- "Now that the vaccine developers are approaching the finishing line, distributing this thing is priority number one," CNBC's Jim Cramer said.
- The "Mad Money" host pointed to the stocks of FedEx, UPS, McKesson, Carrier and CVS Health for investment opportunities.
- "They're the ones who'll ultimately solve this crisis, assuming we can convince enough people to take the darned vaccine," he said.
After Wall Street welcomed more positive data from a biotech firm working on a coronavirus vaccine Monday, CNBC's Jim Cramer turned his attention to investment opportunities linked to the vaccine distribution pipeline.
"Now that the vaccine developers are approaching the finishing line, distributing this thing is priority number one," the "Mad Money" host said.
Moderna is the latest vaccine producer to release optimistic phase three vaccine research results, even topping the promising information that Pfizer reported last week. Moderna found its potential vaccine to be more than 94% effective in preventing Covid-19, the disease caused by the novel coronavirus. Pfizer's preventative, also in a late-stage trial, found its vaccine to be 90% effective.
When the federal government approves a vaccine, it must be distributed to the states where state leaders are responsible for distributing it to residents, Cramer said about the next steps. Multiple companies will play a role in logistics, including refrigeration needed for the products.
He recommended investors look at names like FedEx and UPS for shipping services, McKesson for distribution, Carrier for freezer trucks and CVS Health for administering the shot.
"They're the ones who'll ultimately solve this crisis, assuming we can convince enough people to take the darned vaccine," he said.
Below are Cramer's takeaways for each stock:
"I really like the stock of UPS right here. It's selling for roughly 20-times next year's earnings estimates," he said. "I believe in [CEO Carol] Tomé's leadership and the company should make a fortune distributing the vaccine before the stay-at-home economy dries up."
"They built out a ton of infrastructure after shipping vaccines for the swine flu epidemic 11 years ago. That may give them an edge here," the host said.
"Carrier makes freezer trucks and they're all in on ensuring we have enough of them. They're integral to the chain," Cramer said.

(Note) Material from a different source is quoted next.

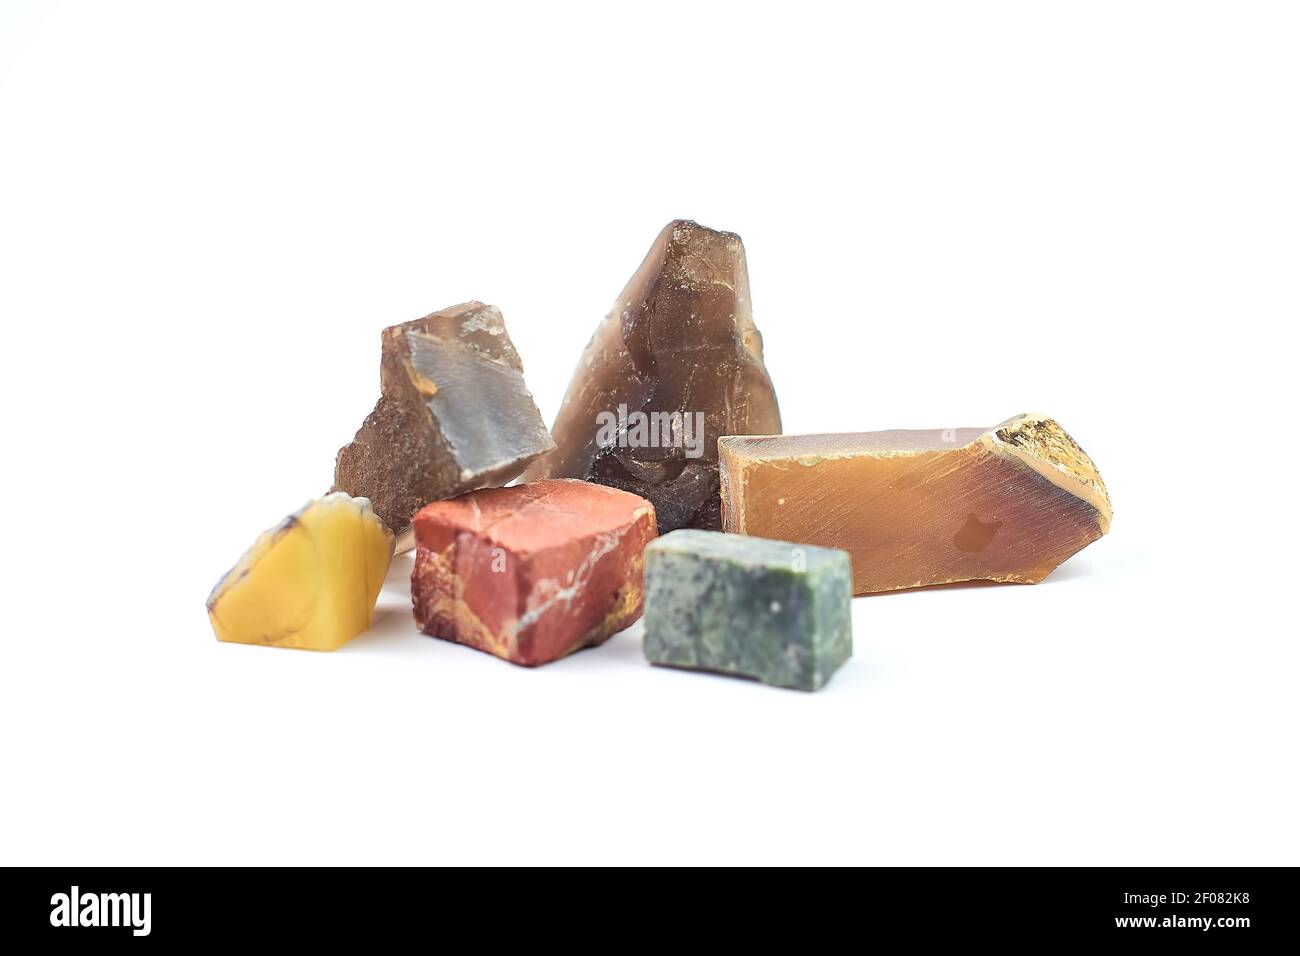 collezione di minerali colorati isolati su sfondo bianco - concetto geologico Foto Stock

"Before the vaccine gets to the logistics plays, it will likely go through the drug distributors," he said. "This is where the big money's going to be made. It's an oligopoly industry. It's controlled by McKesson, Cardinal Health … and AmerisourceBergen."
"If you want to buy one, I say you buy McKesson. That's the largest, it's the best-run and, crucially, the only drug distributor that's specifically been selected to participate [in] Operation Warp Speed," he added.
"The government has agreements with CVS and Walgreens to give the vaccine to residents of long-term care facilities," Cramer said. "Everyone with pharmacy exposure gets a boost. CVS should benefit the most."
Disclosure: Cramer's charitable trust owns shares of CVS Health and UPS.